The first two layers are the convolutional layers, comprising 32 filters and 64 filters receptively. We use ReLU activation for these two levels and use MaxPooling to reduce the size of the shape afterward. After flattening the output it passes through a fully connected layer of 128 neurons with ReLU activation. The final layer uses softmax activation with 9 output neurons for multi-class classification.
The model is built to use the Adam optimizer and sparse categorical cross-entropy loss while monitoring the accuracy of the model.
input_shape = (img_size, img_size, 3)
num_classes = 4
def build_basic_cnn(input_shape, num_classes):
model = Sequential()
model.add(Conv2D(32, (3, 3), activation='relu', input_shape=input_shape))
model.add(MaxPooling2D(pool_size=(2, 2)))
model.add(Conv2D(64, (3, 3), activation='relu'))
model.add(MaxPooling2D(pool_size=(2, 2)))
model.add(Flatten())
model.add(Dense(128, activation='relu'))
model.add(Dense(num_classes, activation='softmax'))
model.compile(optimizer='adam', loss='sparse_categorical_crossentropy', metrics=['accuracy'])
return model
model = build_basic_cnn(input_shape, num_classes)
model.summary()
Training the Basic CNN Model
This code creates a checkpoint and saves the best version of the model while training depending on the validation accuracy. The model is trained with 100 epochs, with a batch size of 32 using the training data. The checkpoint is set only to basic_cnn.h5 if the loss of the validation decreases and in this way, the best model is saved for further use.

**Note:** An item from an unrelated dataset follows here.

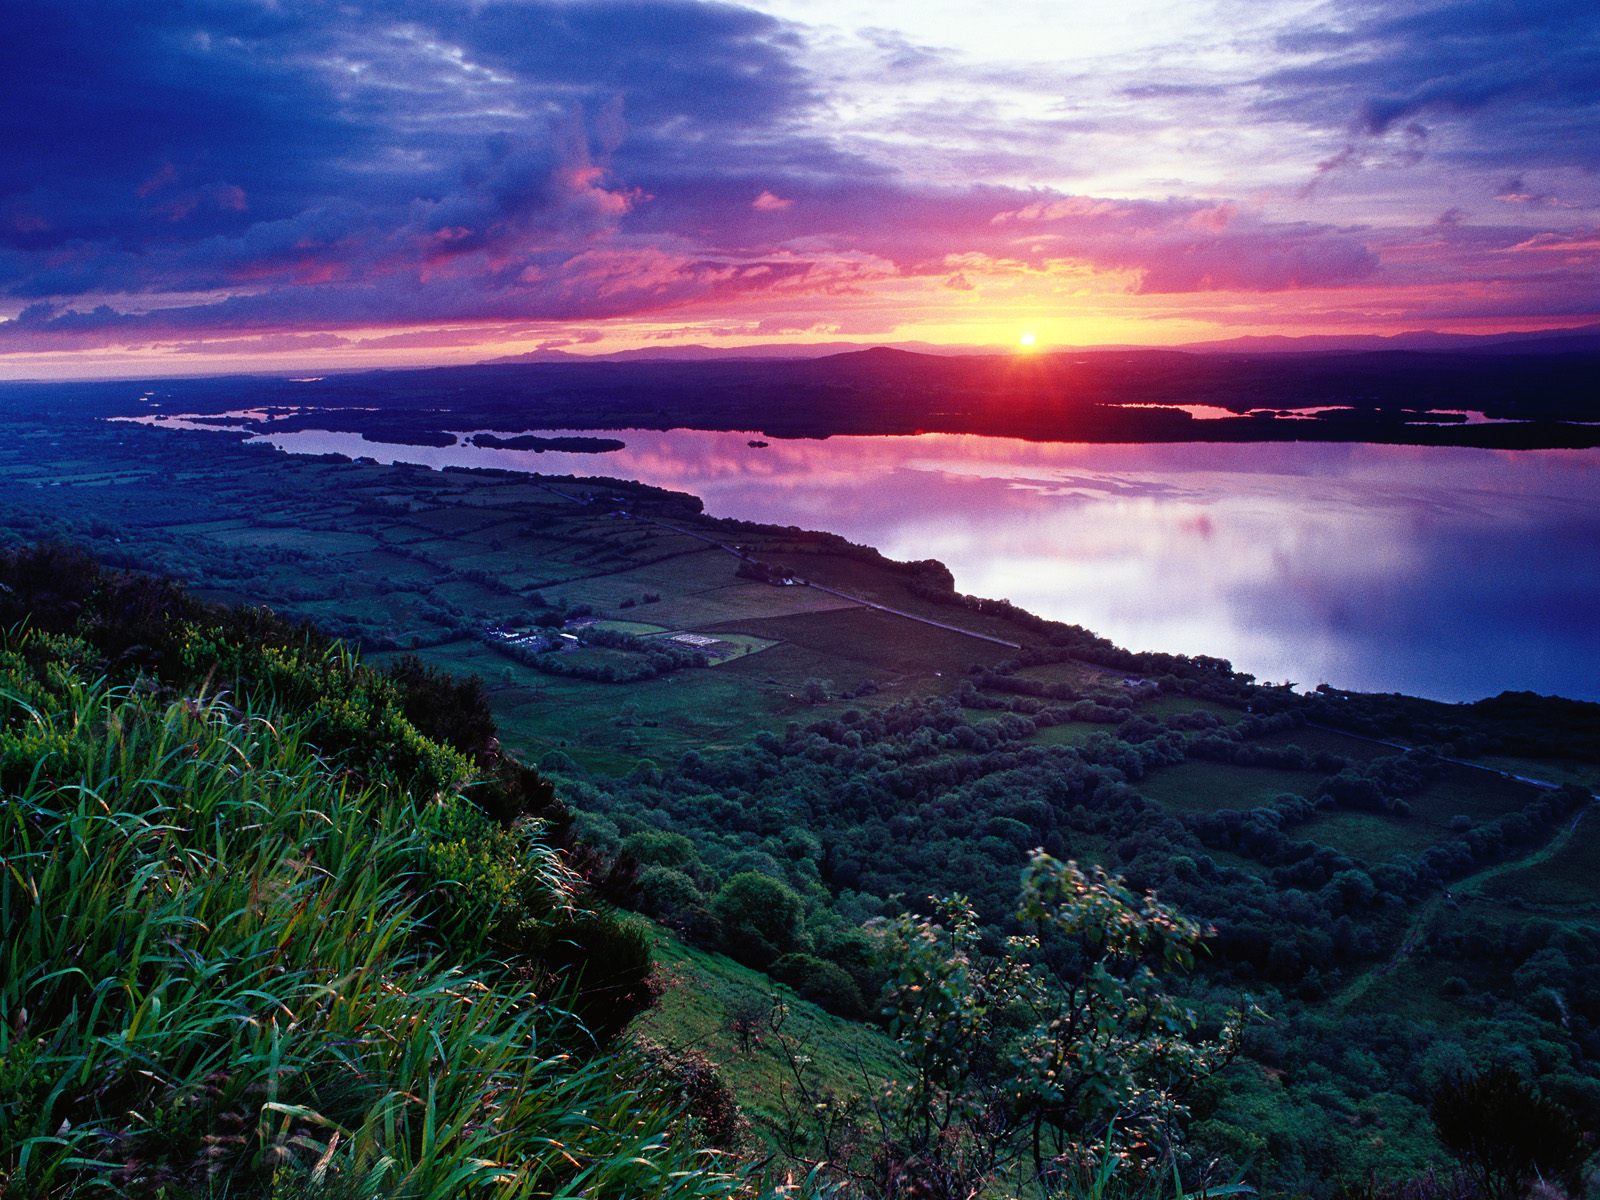 Loch Erne in Ireland

checkpoint = ModelCheckpoint('basic_cnn.h5', monitor='val_accuracy', save_best_only=True, mode='max')
history = model.fit(X_train, Y_train, validation_data=(X_test, Y_test), epochs=100, batch_size=32, callbacks=[checkpoint])
Plotting CNN Training History
This code produces two plots side by side. One plot displays the CNN model's accuracy improvement over time. And the other shows the changes in loss. This effectively visualizes the model's performance throughout the training and validation phases.
def plot_history(history, title):
plt.figure(figsize=(12, 4))
plt.subplot(1, 2, 1)
plt.plot(history.history['accuracy'], label='train_accuracy')
plt.plot(history.history['val_accuracy'], label='val_accuracy')
plt.xlabel('Epochs')
plt.ylabel('Accuracy')
plt.legend()
plt.title(f'{title} Accuracy Curves')
plt.subplot(1, 2, 2)
plt.plot(history.history['loss'], label='train_loss')
plt.plot(history.history['val_loss'], label='val_loss')
plt.xlabel('Epochs')
plt.ylabel('Loss')
plt.legend()
plt.title(f'{title} Loss Curves')
plt.show()
plot_history(history, 'Basic CNN')
Evaluating Model performance
This code evaluates the CNN model’s performance on the training, validation, and test datasets by assessing accuracy and loss for each. It offers a clear insight into the model's performance.
valid_loss, valid_acc = model.evaluate(X_test, Y_test)
train_loss, train_acc= model.evaluate(X_train, Y_train)
print('\nValidation Accuracy:', valid_acc)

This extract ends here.